The nation’s healthcare sector have remained what was once described as “mortuaries”. Even as several other countries that take seriously the issue of promoting the healthcare of its citizens have utilised the sad incident of covid-19 to advance it’s healthcare processes. But sadly, our leaders still rely on foreign medical consultations for ailments as little as headache. No wonder our health institutions have remained at best construction with attendant industrial action in their ramifications.

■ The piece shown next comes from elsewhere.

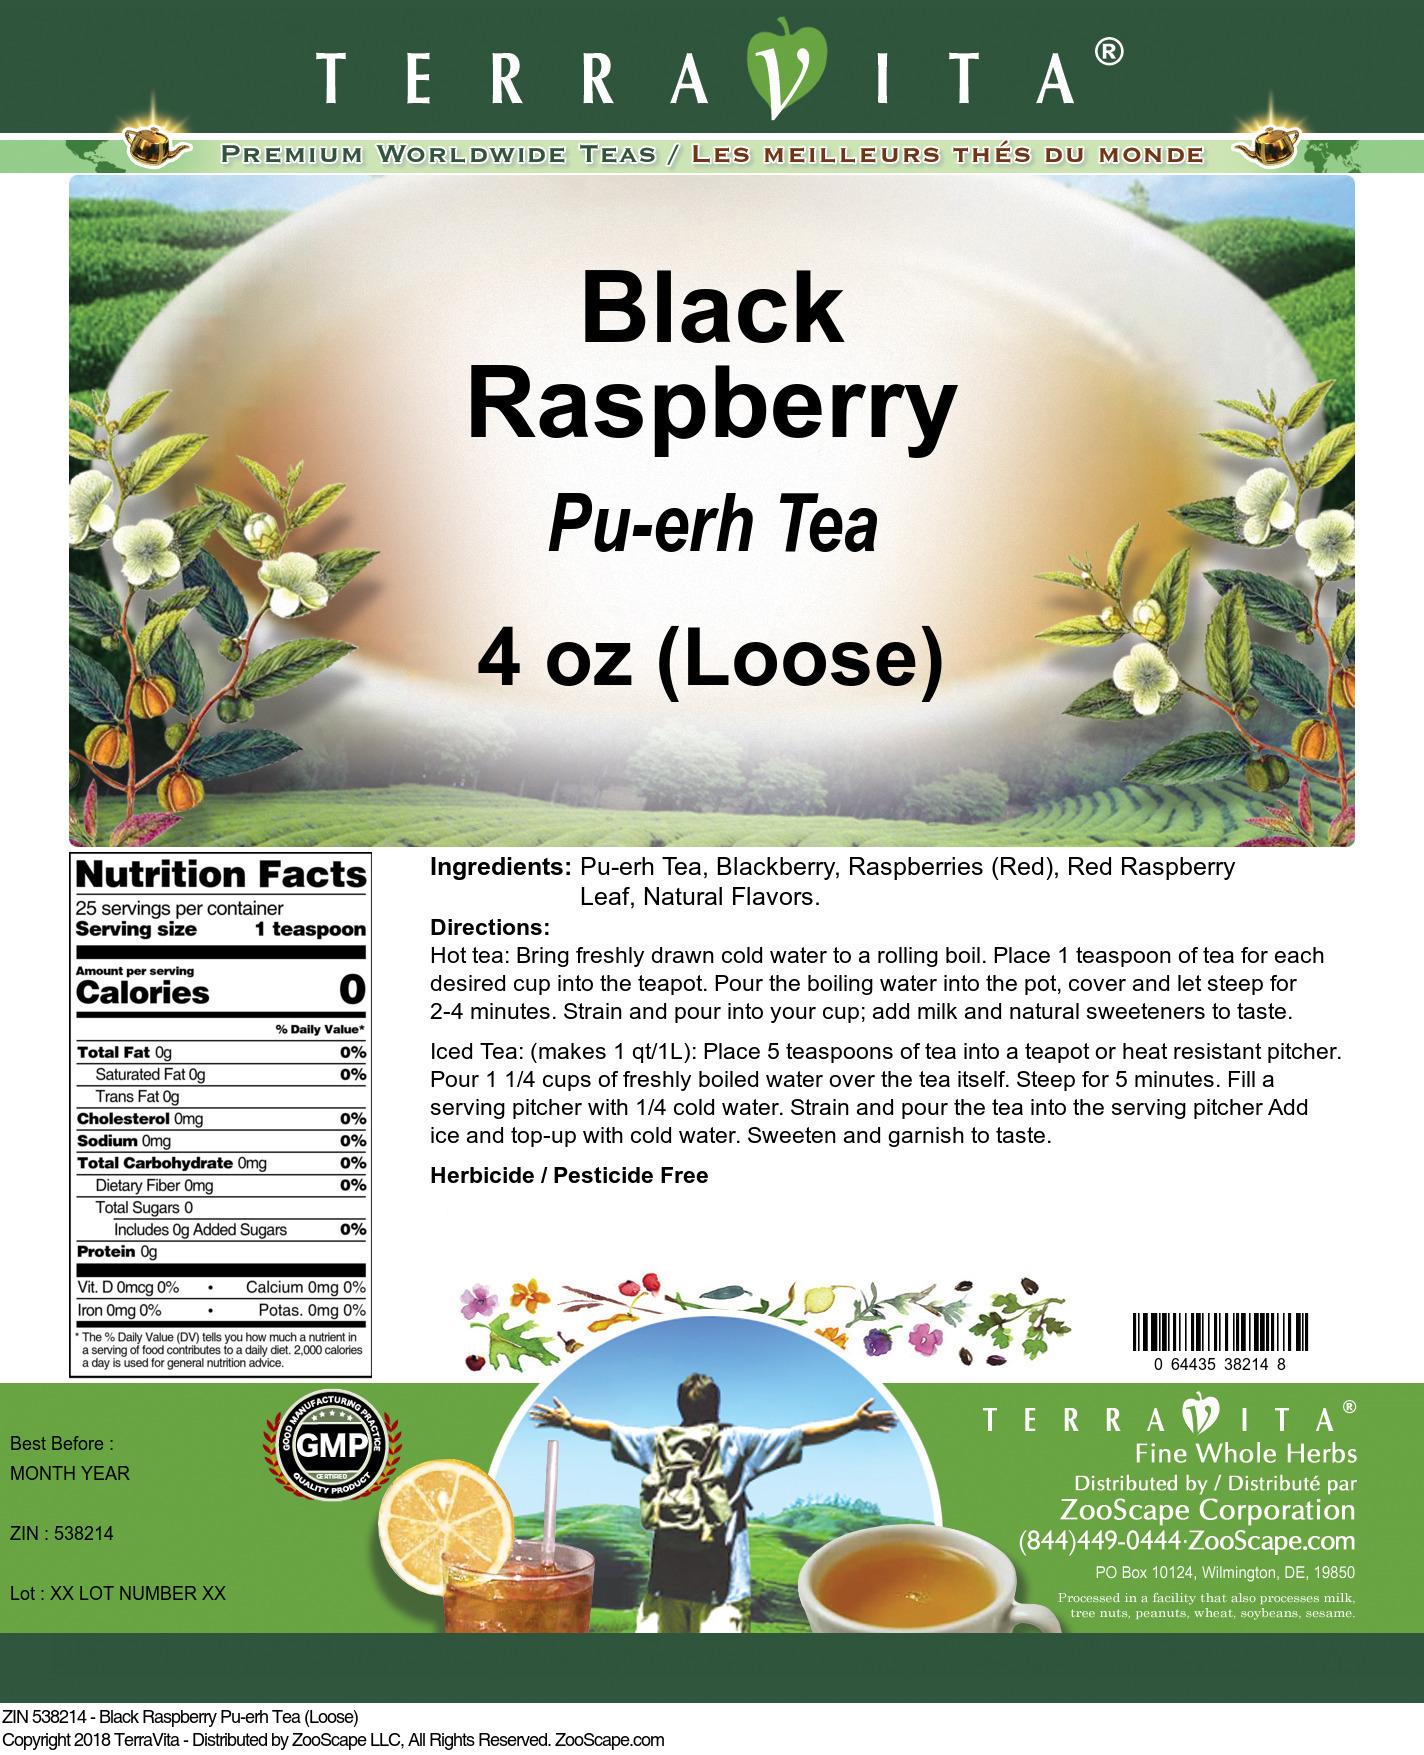 Black Raspberry Pu-erh Tea (Loose)

Is it the issue of bribery and corruption that one should not worry about? With the Economic and Financial Crimes Commission (EFCC), the Independent Corrupt Practices and Other Related Offences Commission (ICPC) as well as other law enforcement agencies, there is no respite. Just few days ago, the nation was awash as to how some unscrupulous Nigerians diverted a so-called school feeding programme at a time schools were closed when due to the corona virus pandemic to swindle billions of Naira. Should we bring up again the sleaze at the Niger Delta Development Commission (NDCC), the Constituency Project scams, Audit Scams, Oil Subsidy Scams, Turn Around Maintenance of our refineries scams, Employment scams, Pension Scams, not forgetting the billion dollar Arms Scam. In all these, only the political leaders see these differently. The ordinary Nigerian perceive huge perfidy around those areas while our politicians see such as mere drama where microphones should be put off. It has remained worrisome that reports of probe panels in the country have continued to gather dust. Out law enforcement agencies have on their part, not helped matters. With the disgraceful collection of bribes along our roads to the extent that they shamelessly give out change to commuters, The AUTHORITY wonders where we are heading to. It is a shame that all the X-squads of the police, the military, the customs, the immigration and other paramilitary outfits have just remained cosmetic, rather than functional.

At 60 there is no doubt that the dreams of our founding fathers have been put on the reverse gear. It is also debilitating that there is hardly any sector that beings cheer. All the other countries which attained independence at the same time with Nigeria have moved on, on the path of progress and growth while we have continuously applied the reverse gear. Although our leaders try stridently to project the nation as towing a path of growth, but every indices of growth and progress, including our foreign reserves, national integrity and level of patriotism, have not supported the claims of our leaders.

Nigeria needs more than anything else, leaders that would eschew narrow parochialism and promote industry, merit, integrity and honesty. A situation where nepotism smells to high heaven in our national schemes is too terrible and can never bring about any progress. A situation where the youth continues to resort to 419 and other vices to survive and sees the nation as not holding any hope for their future is most unfortunate and should not be allowed to continue this way.

Our leaders should endeavour to do what they ought to do to reverse all negative mindset and parochialism that have continued to bug down our country. Solution to these problems lie with our leaders as the buck stops on their table. Time to do so is now and the 60th Independence Anniversary provides effective window to do so.